DA-LSTM: A Long Short-Term Memory with Depth Adaptive to Non-uniform Information Flow in Sequential Data
This addresses inefficiencies in LSTM models for sequential data processing, offering computational savings for applications with variable information flow.
The paper tackles the problem of non-uniform information distribution in sequential data by developing a Depth-Adaptive LSTM (DA-LSTM) that dynamically adjusts its structure, resulting in 41.78% and 46.01% reductions in convergence time compared to Stacked LSTM and Deep Transition LSTM.
Much sequential data exhibits highly non-uniform information distribution. This cannot be correctly modeled by traditional Long Short-Term Memory (LSTM). To address that, recent works have extended LSTM by adding more activations between adjacent inputs.
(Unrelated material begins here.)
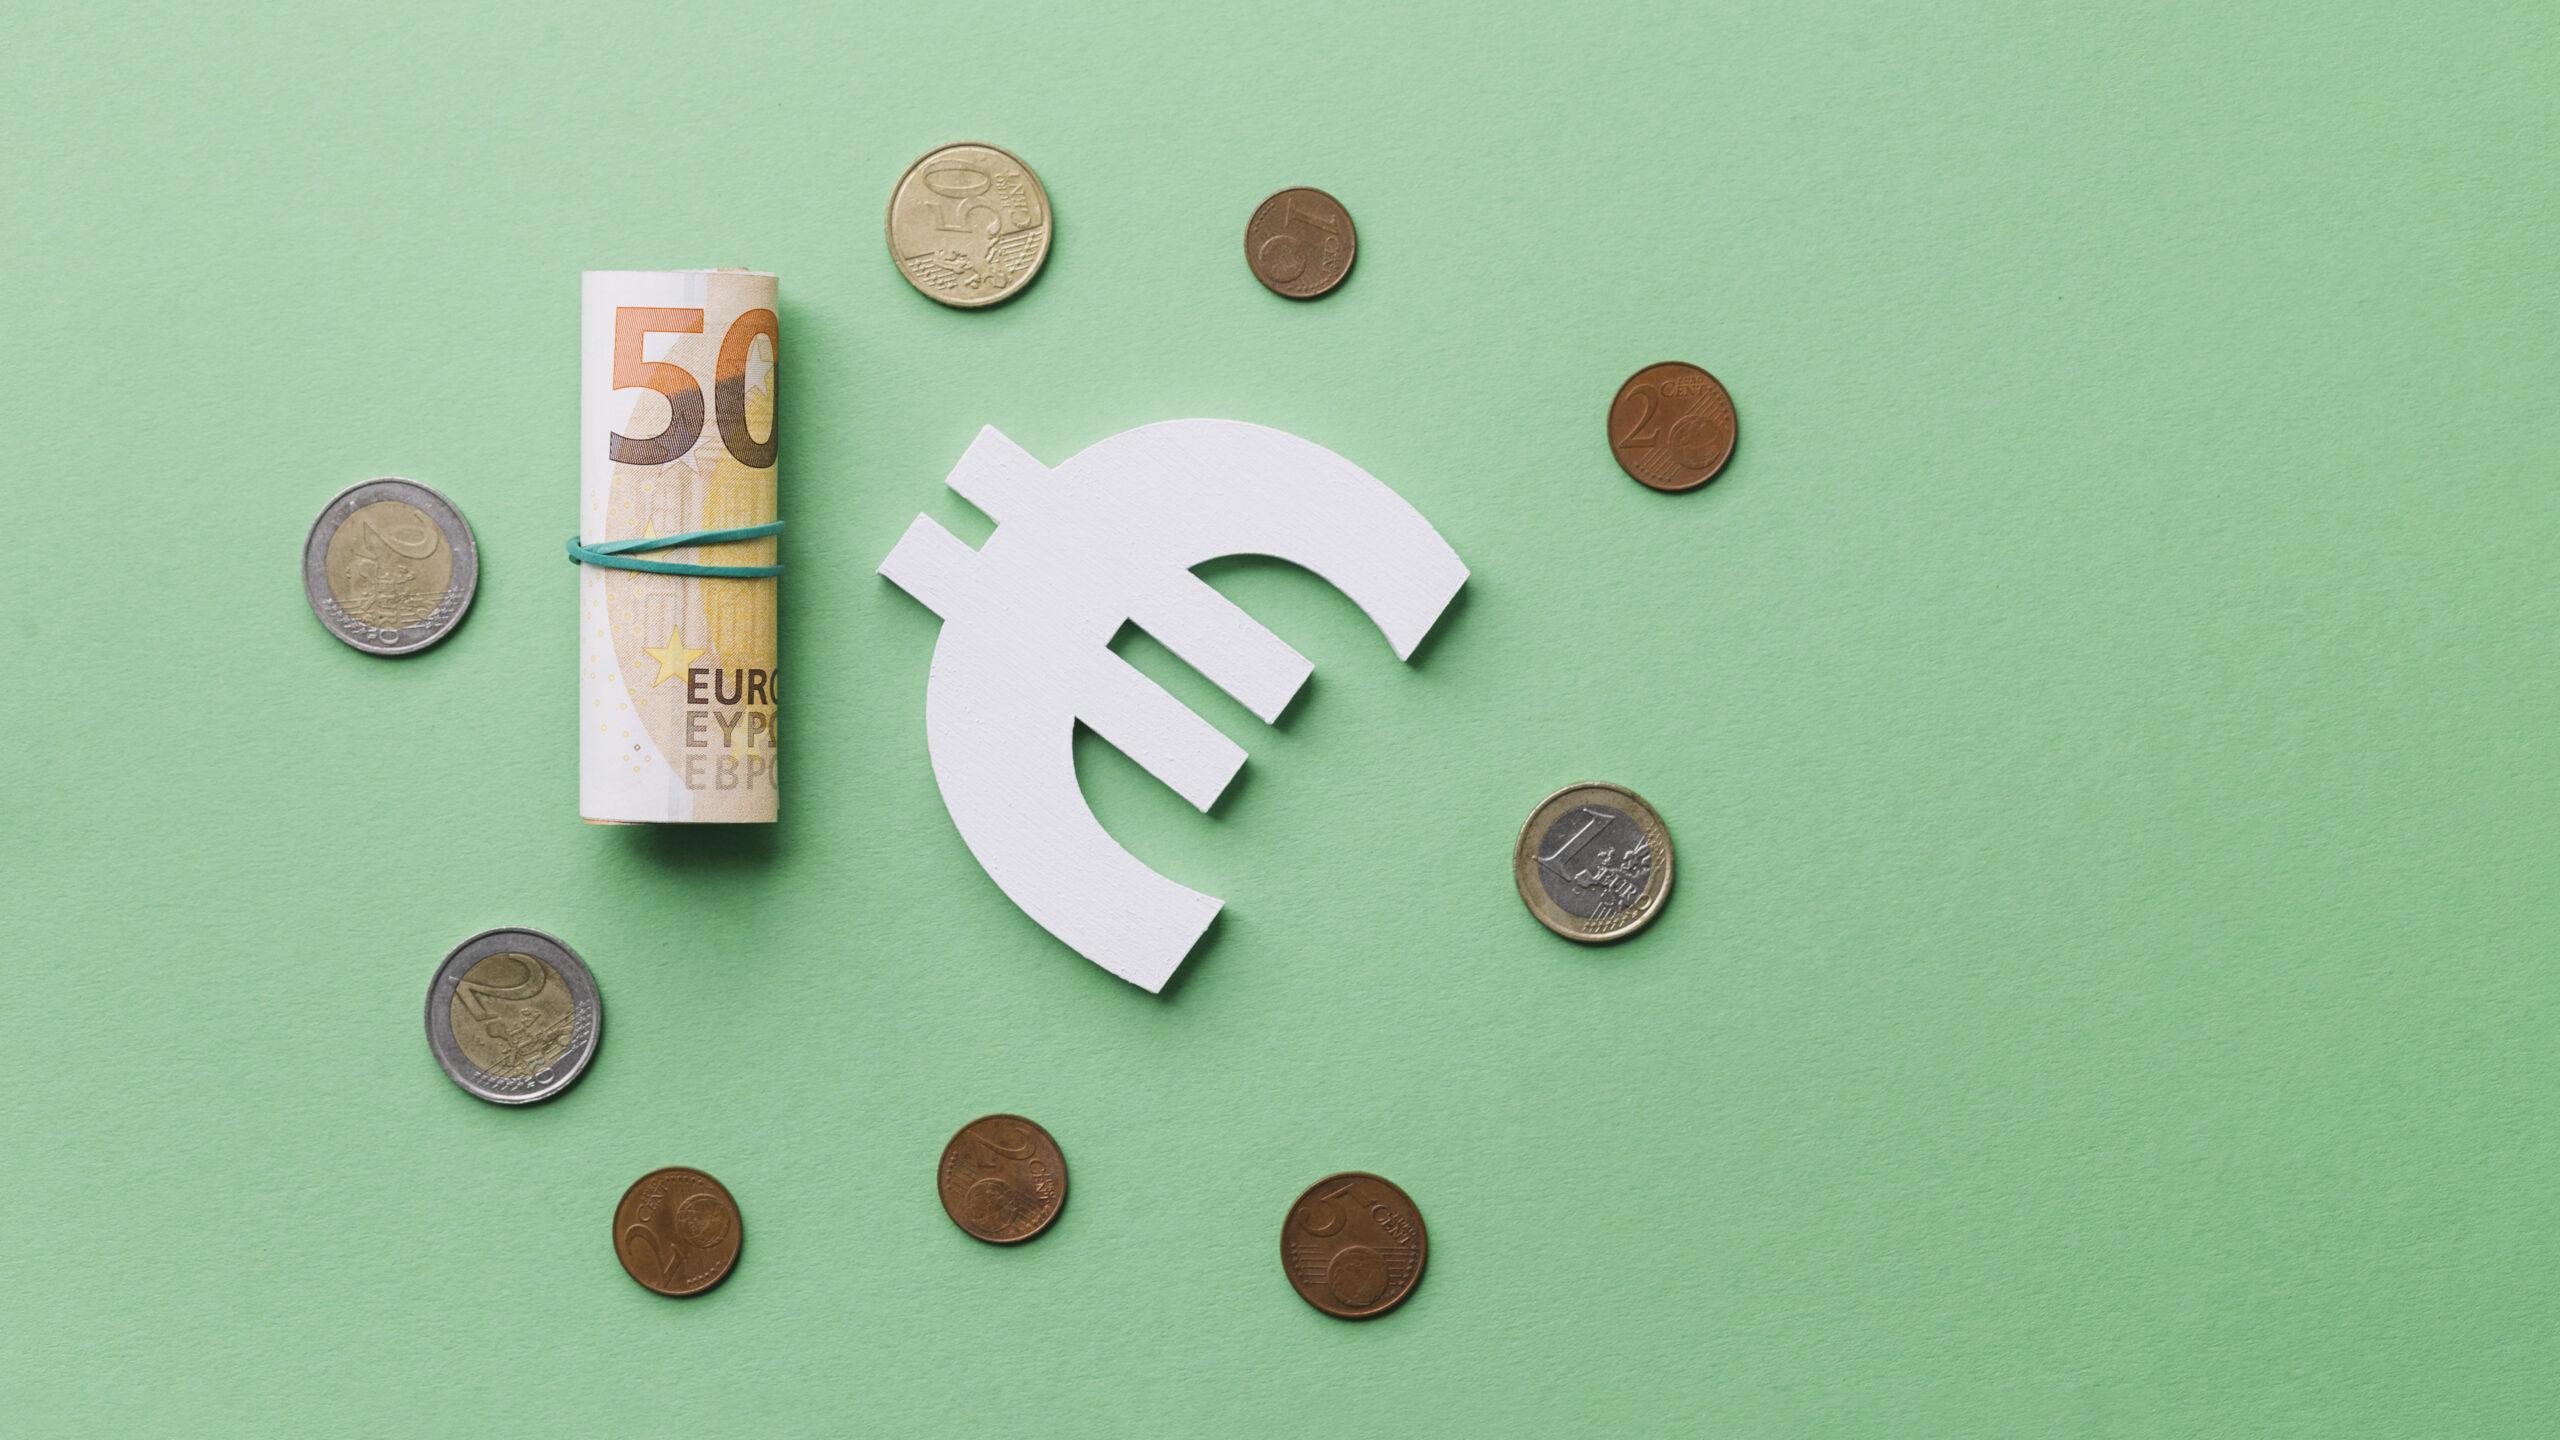 Assegni familiari, nidi e congedi per i papà: come costruire la parità di genere coi soldi europei

However, the approaches often use a fixed depth, which is at the step of the most information content. This one-size-fits-all worst-case approach is not satisfactory, because when little information is distributed to some steps, shallow structures can achieve faster convergence and consume less computation resource. In this paper, we develop a Depth-Adaptive Long Short-Term Memory (DA-LSTM) architecture, which can dynamically adjust the structure depending on information distribution without prior knowledge. Experimental results on real-world datasets show that DA-LSTM costs much less computation resource and substantially reduce convergence time by $41.78\%$ and $46.01 \%$, compared with Stacked LSTM and Deep Transition LSTM, respectively.